The number of NHS patients being treated in private hospitals has rocketed by more than 300% despite pledges to halt privatisation.
Startling new figures have revealed 6,417 patients were farmed out to private facilities last year, as hospitals struggle to hit stringent waiting time targets.
The staggering figure is more than FOUR times the 1,560 NHS patients treated privately just a decade ago.
A separate study recently revealed the NHS has spent nearly £100m sending its patients for private treatment over the past three years alone.
The revelations will come as an embarrassment to the SNP Government, which in 2011 claimed the private sector had been “eradicated” from Scotland’s NHS.
They are also likely to anger First Minister Nicola Sturgeon who has repeatedly promised to tackle the “creeping privatisation” of the health service.
Dr Jean Turner, former chief executive of the Scotland Patients Association, said: “It is down to decisions made in the 1990s when it was decided they would cut beds and more would be done in the community.
“No matter who is in Government at present nothing can be solved quickly because we have lost these beds.
“If you are going to admit somebody for an elective procedure you need to have a bed, maybe a high dependency bed or even an intensive care bed.
“There are then other things that need to be in place for a patient to go into hospital, and the truth is you end up having to lose your elective patients, because there are so many going through A&E that need to be admitted.”
NHS Lothian dispatched 2,199 people to private practices during 2013/14 which is more than any other in Scotland, and a staggering increase on the four patients treated privately in 2004/5.
NHS Grampian was second highest with 952 last year, compared to 645 a decade ago. Third was NHS Greater Glasgow and Clyde, which shipped out 901 patients last year compared to just 59 in 2004/5.
Jenny Marra, Scottish Labour’s shadow cabinet secretary for health, said: “As the pressure on our NHS intensifies, health boards are having to pay for patients to be treated privately to meet the SNP’s legally guaranteed waiting times.
“This is proving to be a massive cost to our health service and is allowing private health to profit from SNP policy.”
Meanwhile, separate data uncovered through a freedom of information request, found £94.2m has been shelled out to treat NHS patients in private hospitals and clinics over the past three years.
The sum would be enough to pay the wages of 1,400 newly qualified nurses for three years.

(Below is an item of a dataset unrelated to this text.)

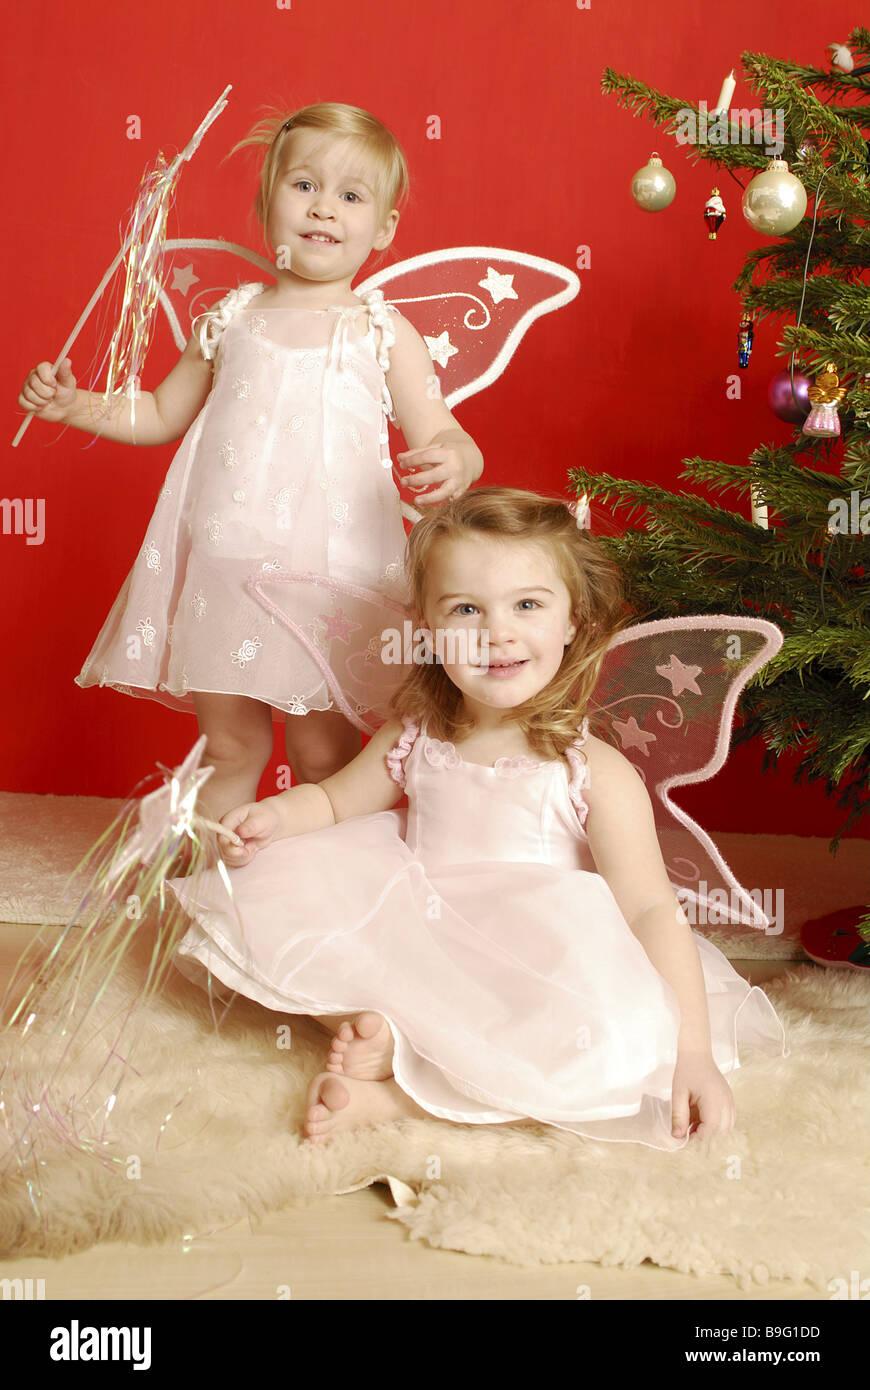 Weihnachten Mädchen zwei Verkleidung Engel Stern-Stab wings fröhlich ...

A quarter of the patients were treated in private facilities outside of their health board area including the south of England and the NHS has been forced to pick up the tab for transportation costs on numerous occasions.
However, it is understood a significant proportion of the overall bill is spent paying NHS doctors to give the treatment in their own time in private hospitals.
But Scottish Conservative health spokesman Jackson Carlaw welcomed the “valuable” contribution private providers are making. He said: “These figures show how valuable the independent health sector is in helping the NHS.
“They also expose the SNP’s horrific hypocrisy on the issue.
“Throughout the referendum it scaremongered about NHS privatisation, all the while increasing its own dependence on the sector.”
The revelations come just a month after the Scottish Government was forced to defend itself over the NHS’s failure to hit waiting times targets.
In December 89% of patients had to wait less than 18 weeks from being referred by their GP to being seen by a specialist, which was just short of the 90% minimum.
And in the last quarter of 2014, 2,000 patients waited more than 12 weeks from specialists agreeing a treatment was needed to it starting, despite a Government pledge all patients would have treatment within that time.
A Scottish Government spokesperson said: “The Scottish health service is seeing more patients than ever.
“It carried out a record of more than one million inpatient procedures last year, an increase of almost 18%, or 162,000, under this Government.
“Audit Scotland’s most recent assessment showed that NHS spending in the independent sector has actually fallen in the last year, and represents only 0.8% of the Scottish NHS frontline budget.”